Photo by Daniel Jensen on Unsplash
Logistic Regression - Hyperparameter Tuning
Using GridSearch Algorithm
Index
Introduction
What are hyperparameters?
Why is hyperparameter tuning necessary?
Code Example
Conclusion
Introduction
Before we dive into hyperparameter tuning of a Logistic Regression model, it's essential to know what Logistic Regression is. Logistic Regression is a machine learning algorithm primarily used as a classification algorithm.
For example:-
- Classify an email as spam or not
What are hyperparameters?
When we train a machine learning or a deep learning algorithm, these algorithms have a lot of parameters, but the parameters that affect the model's performance the most are known as hyperparameters.
Why is hyperparameter tuning necessary?
Let's say you trained your model, and the accuracy of the model is very low, let's say less than 50%. Then it's rather apparent that this model is not very useful as it is wrong more than half the time.

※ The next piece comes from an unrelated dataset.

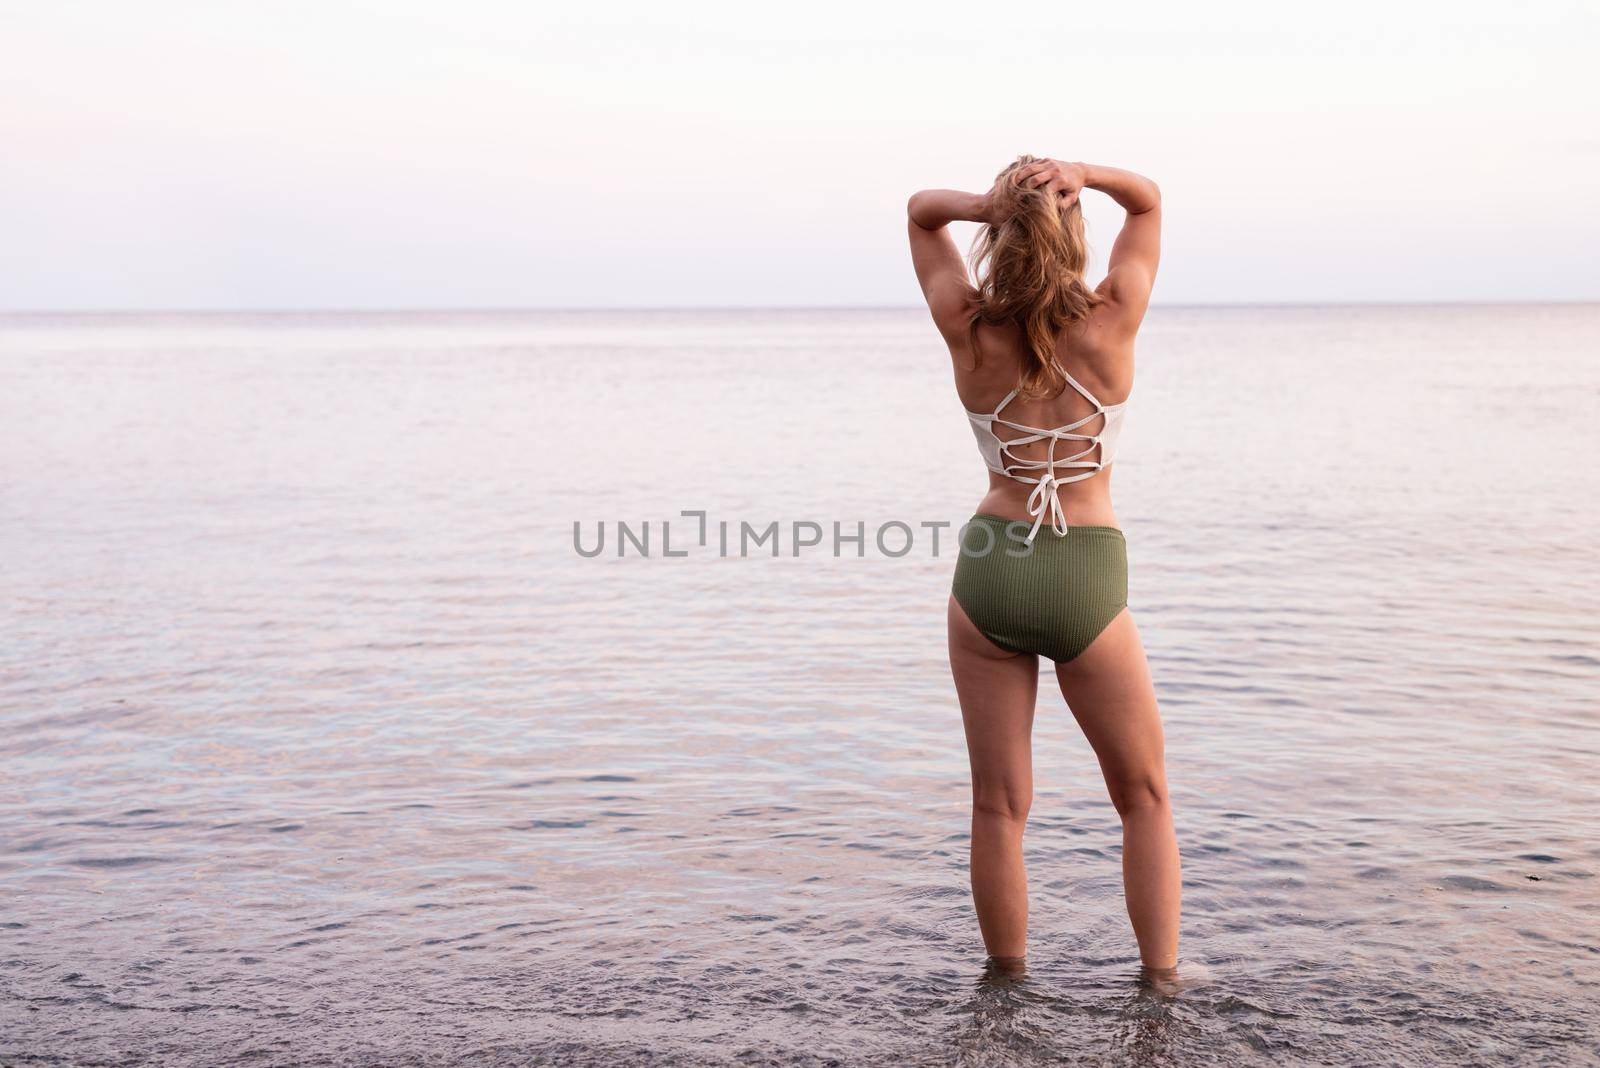 Summer vacation. Rear view of a young woman standing on stony beach looking at the sea, hands on head

So in situations like this, we tune the hyperparameters to increase the accuracy of our models.
Code Example
Here is a code example on how to perform hyperparameter tuning on a machine learning model
Importing libraries and functions
import pandas as pd
import numpy as np
from sklearn.preprocessing import LabelEncoder
from sklearn.linear_model import LogisticRegression
from sklearn.model_selection import train_test_split GridSearchCV
from sklearn.metrics import accuracy_score
import warnings
warnings.filterwarnings('ignore')
Importing dataset
data = pd.read_csv('diabetes.csv')
Data Preprocessing
X = data.drop(['Outcome'], axis=1)
y = data['Outcome']
objectList = X.select_dtypes(include=["int64",'float64']).columns
le = LabelEncoder()
for feature in objectList:
X[feature] = le.fit_transform(X[feature].astype(str))
print(X.info())
Splitting the data in training and testing data
X_train, X_test, y_train, y_test = train_test_split(X, y, test_size=0.2,
stratify=y, random_state=42)
Model Training and Evaluation
logi = LogisticRegression()
logi.fit(X_train, y_train)
y_predict = logi.predict(X_test)
acc = accuracy_score(y_test, y_predict)
Accuracy Before Hyperparameter tuning:- 69.4%
Hyperparameter Tuning
param_grid = [
{'penalty' : ['l1', 'l2', 'elasticnet', 'none'],
'C' : np.logspace(-10, 10, 20),
'solver' : ['lbfgs','newton-cg','liblinear','sag','saga'],
'max_iter' : [100, 1000,2500, 5000]
}
]
logi_hypertuned = GridSearchCV(logi, param_grid = param_grid, cv = 3, verbose=True, n_jobs=-1)
res_hypertuned = logi_hypertuned.fit(X,y)
print(best_clf.best_estimator_)
Best Parameters :- LogisticRegression(C=0.2976351441631313, solver='liblinear') Accuracy After Hyperparameter tuning:- 71.5%
Conclusion
As we can see, tuning the hyperparameters can give better results.